Wild Ways: A Fifth Ecology for Metropolitan Los Angeles
Playing off Reyner Banham’s classic Los Angeles: The Architecture of Four Ecologies, the studio will explore themes of connectivity, resilience and landscape infrastructure under the twin challenges of climate change and biodiversity loss in the Anthropocene. The work will interrogate and explore what a system of landscape infrastructure for connectivity across Southern California’s biodiversity hotspots might look like—in the face of growing urbanization and climate change. Proposals will embrace regional networks of wildlife crossings that are generated from the primary lenses of different endangered species; that layer in humans as both users and audience (on/in the crossings versus driving underneath or over them); and that account for intensifying threats of wildfire. The goal is to invent the basis for a new metropolitan ecology—a mix of culture, geography, environment, and lifestyle (in Banham’s terms)—adapted to a rapidly evolving and warming climate.
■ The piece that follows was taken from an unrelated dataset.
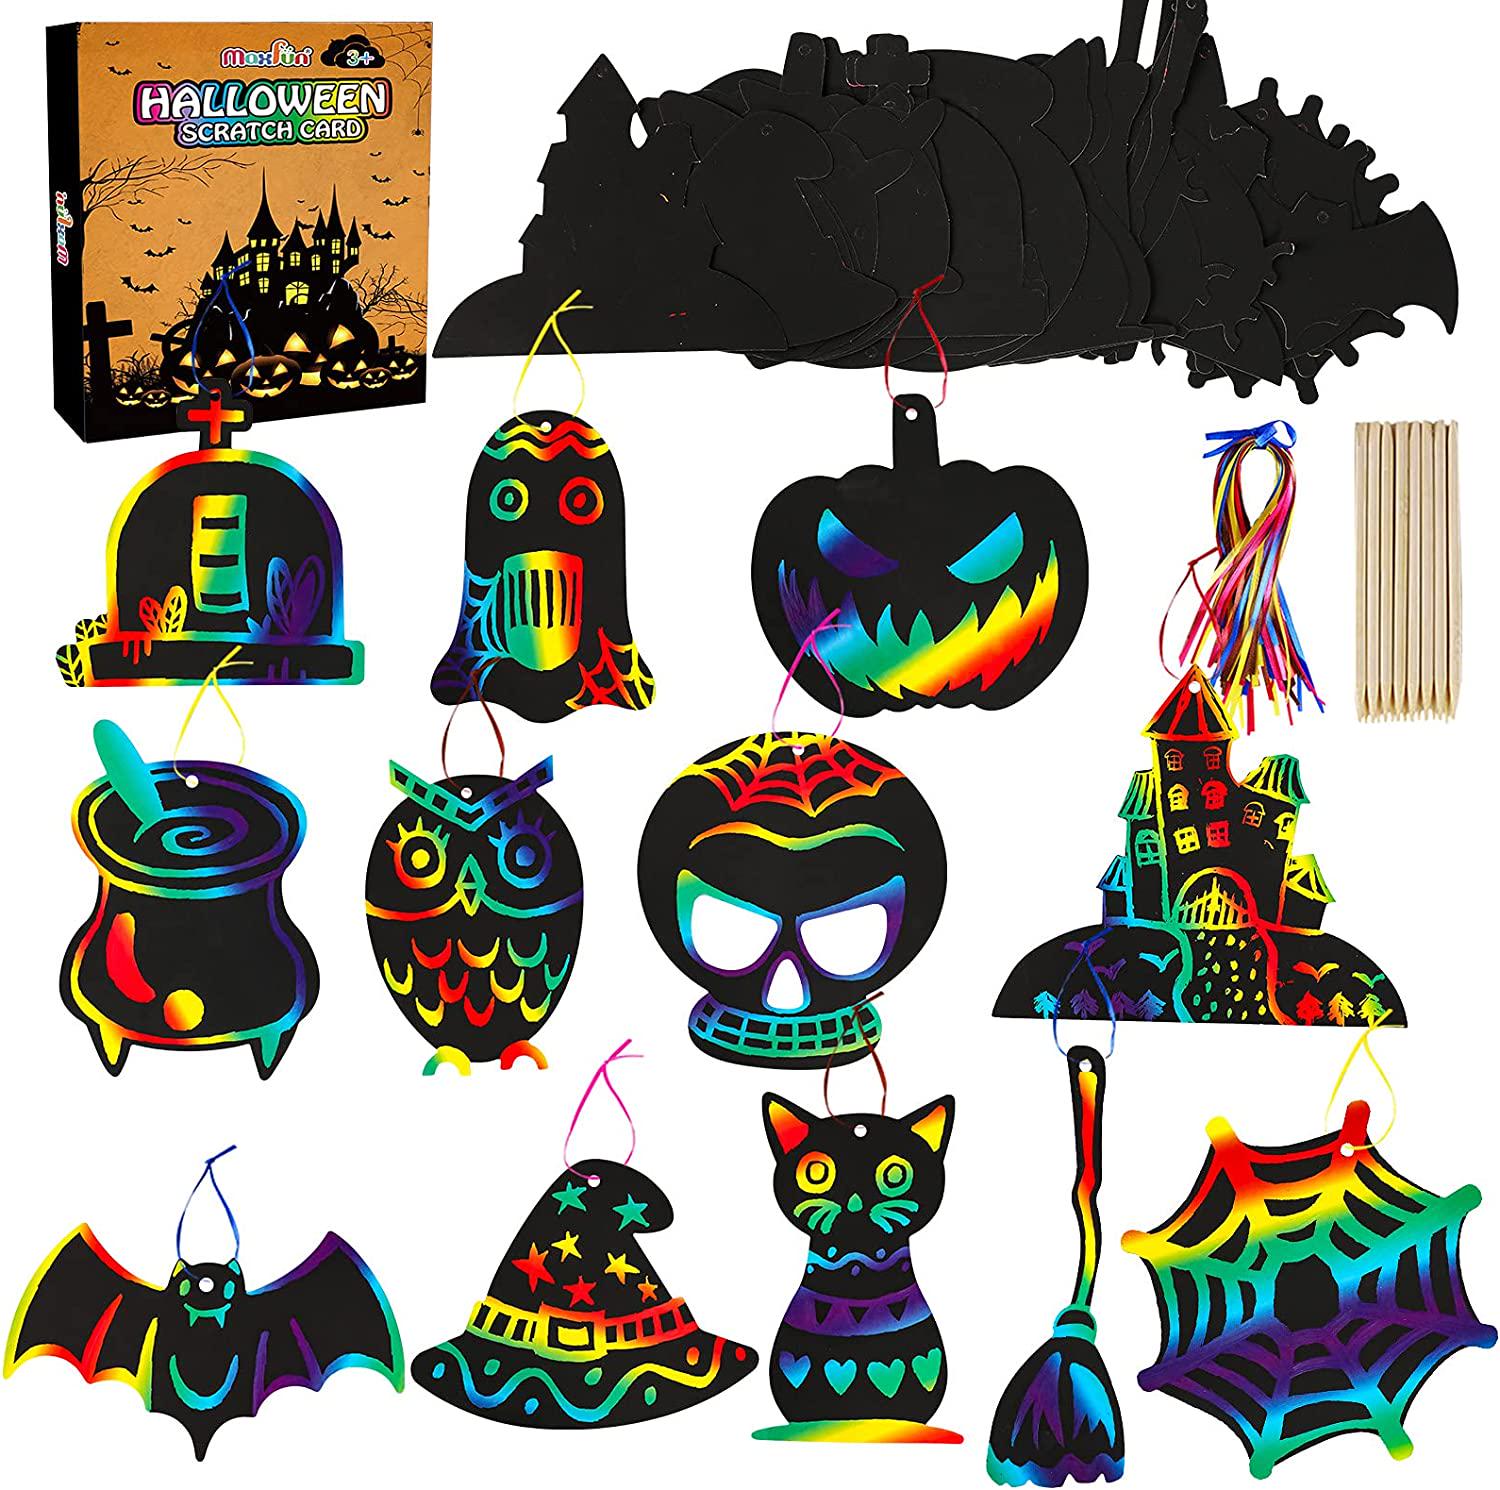 Max Fun, Max Fun Rainbow Color Scratch Halloween Ornaments (48 Counts) - Magic Scratch Off Cards Paper Hanging Art Craft Supplies Educational Toys Kit with 24 PCS Wooden Stylus and Cords for Kids Party Favors

The studio will be jointly sponsored by Arc Solutions, “an interdisciplinary partnership working to facilitate new thinking, new methods, new materials and new solutions for wildlife crossing structures” (their words), and the National Wildlife Federation. The work will be used in part to demonstrate to public agencies and organizations across the North American continent the ways in which multifunctional landscape infrastructures can be imagined to re-knit ecosystems and communities in compelling ways.